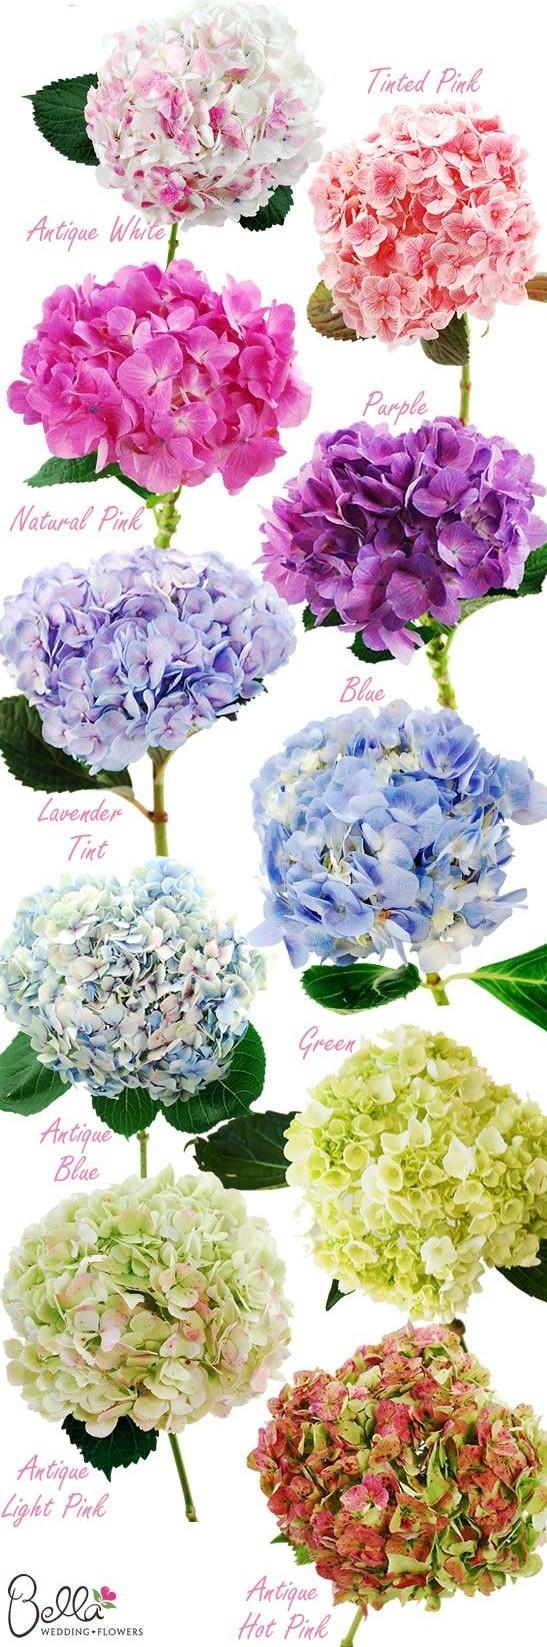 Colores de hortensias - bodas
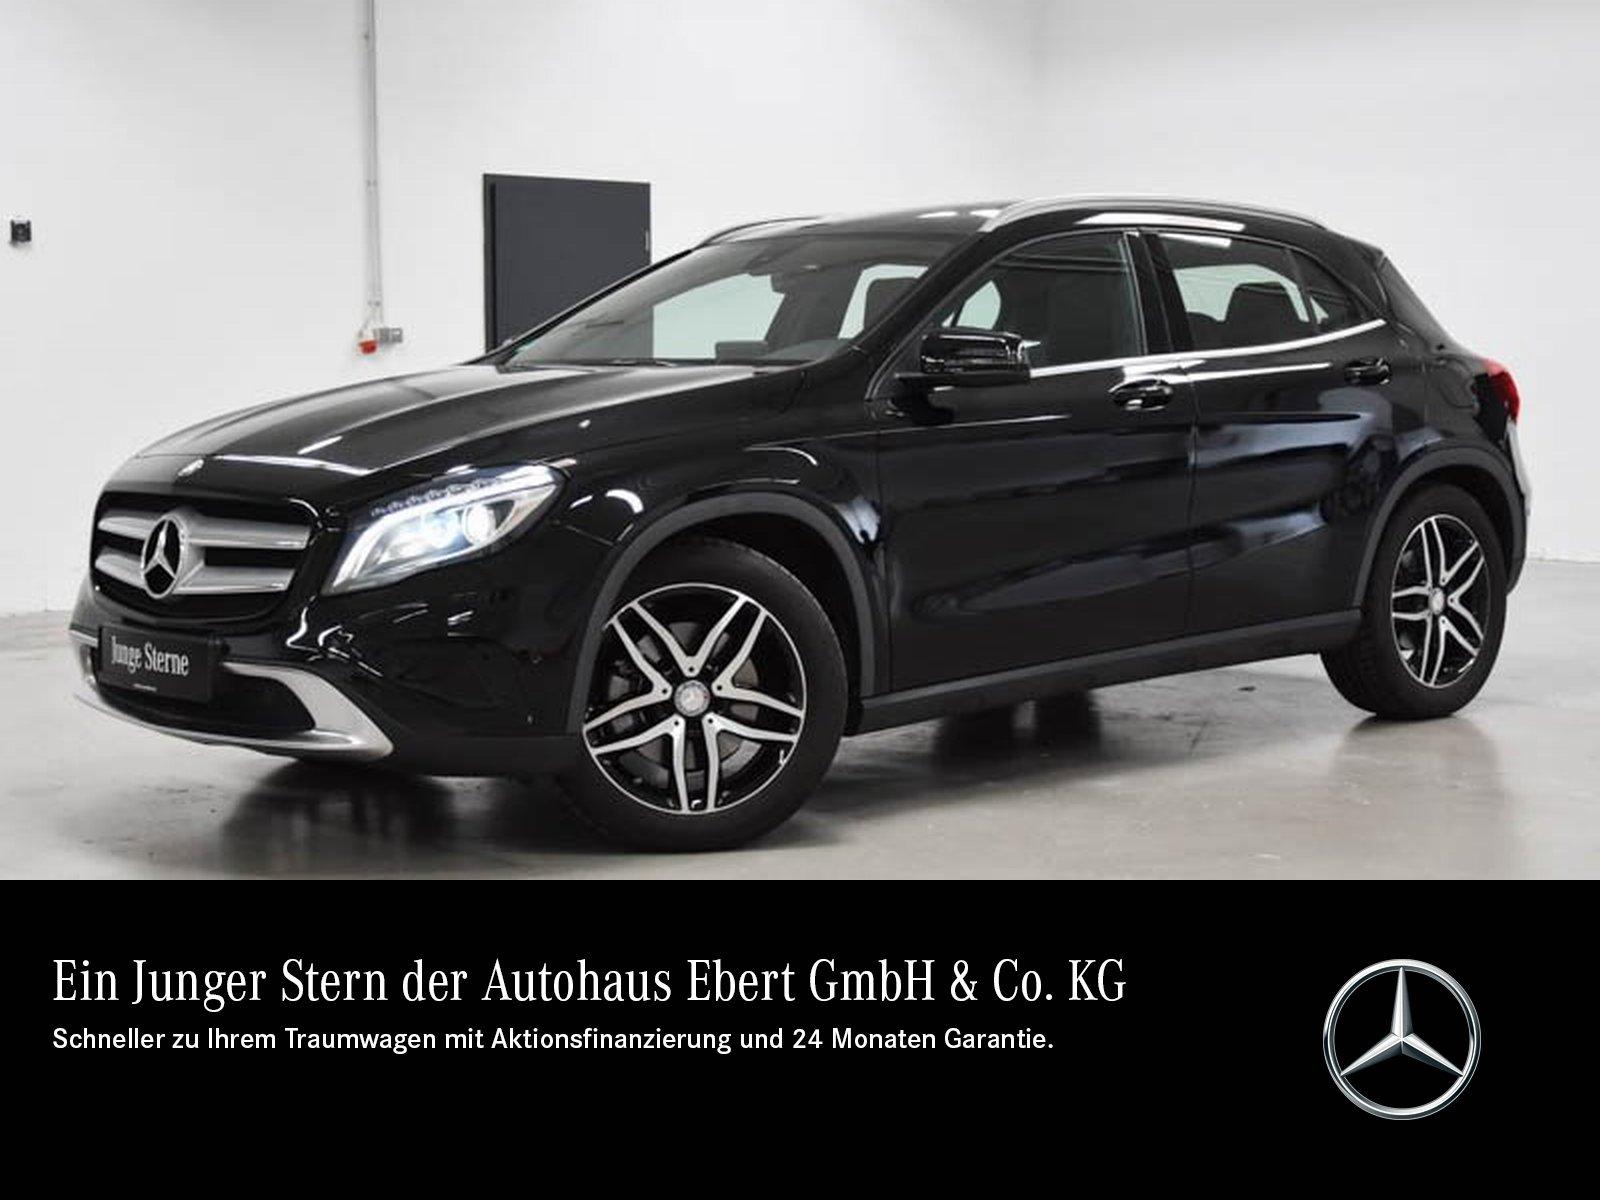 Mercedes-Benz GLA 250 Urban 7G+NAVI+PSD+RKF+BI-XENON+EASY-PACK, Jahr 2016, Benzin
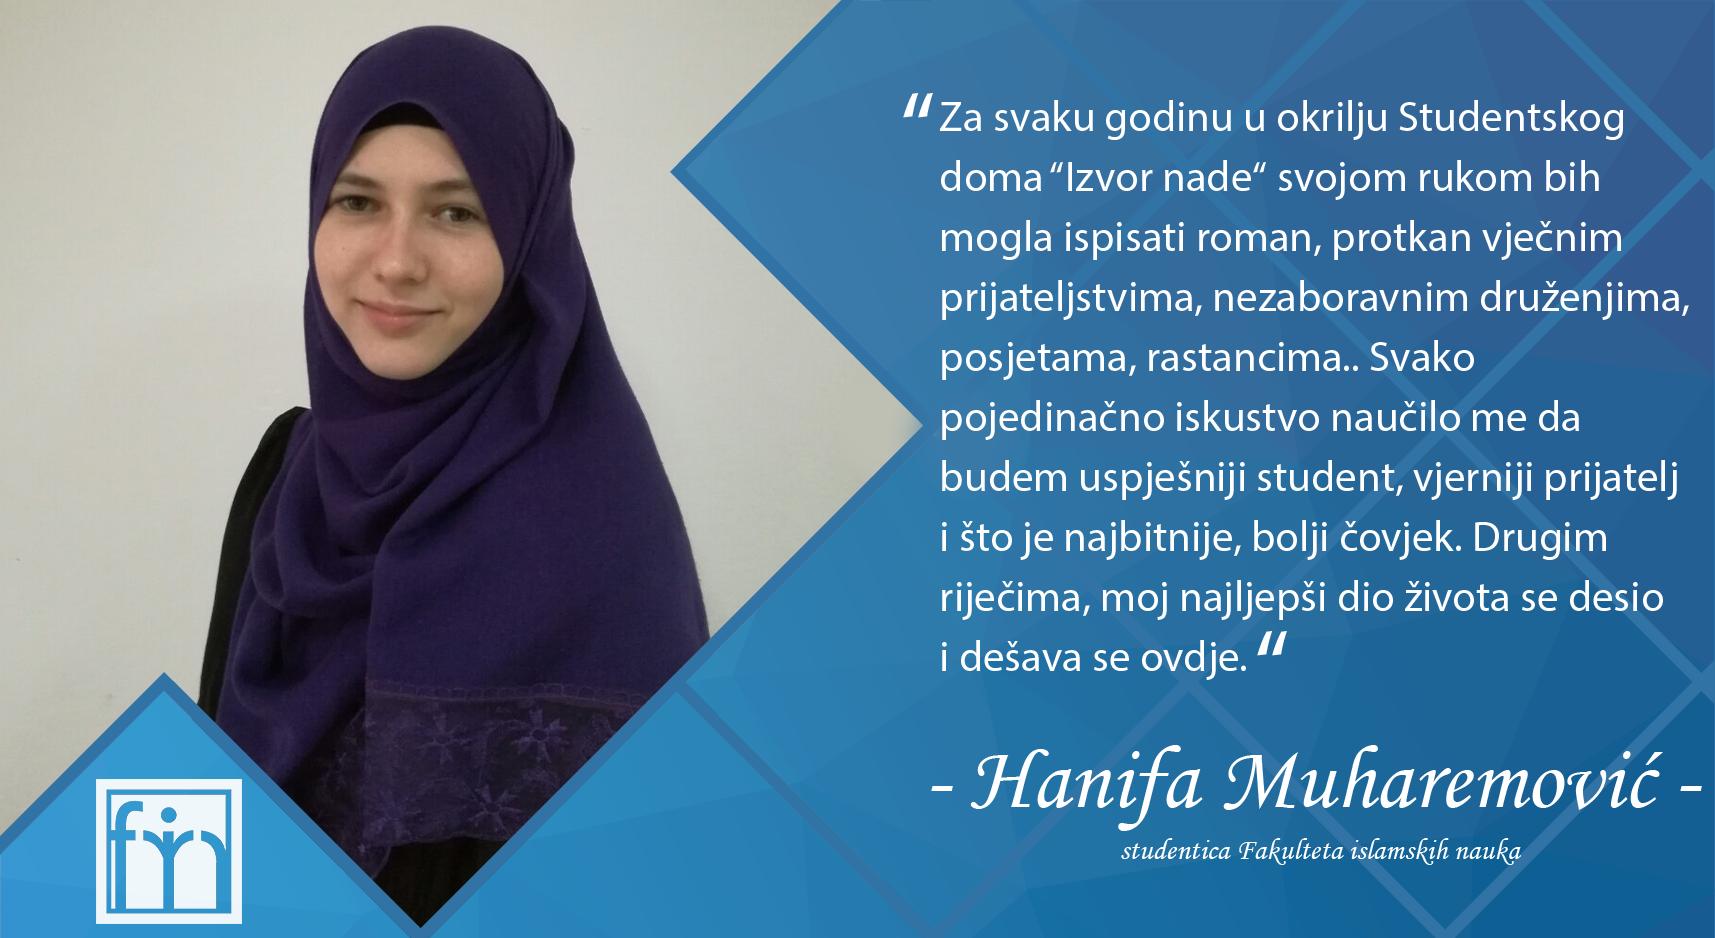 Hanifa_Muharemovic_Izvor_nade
========================
● **REQUIRED ACTION**: Copy the data above line for line, skipping every picture.

● **COMPLETED EXERCISE**:
 Colores de hortensias - bodas
 Mercedes-Benz GLA 250 Urban 7G+NAVI+PSD+RKF+BI-XENON+EASY-PACK, Jahr 2016, Benzin
 Hanifa_Muharemovic_Izvor_nade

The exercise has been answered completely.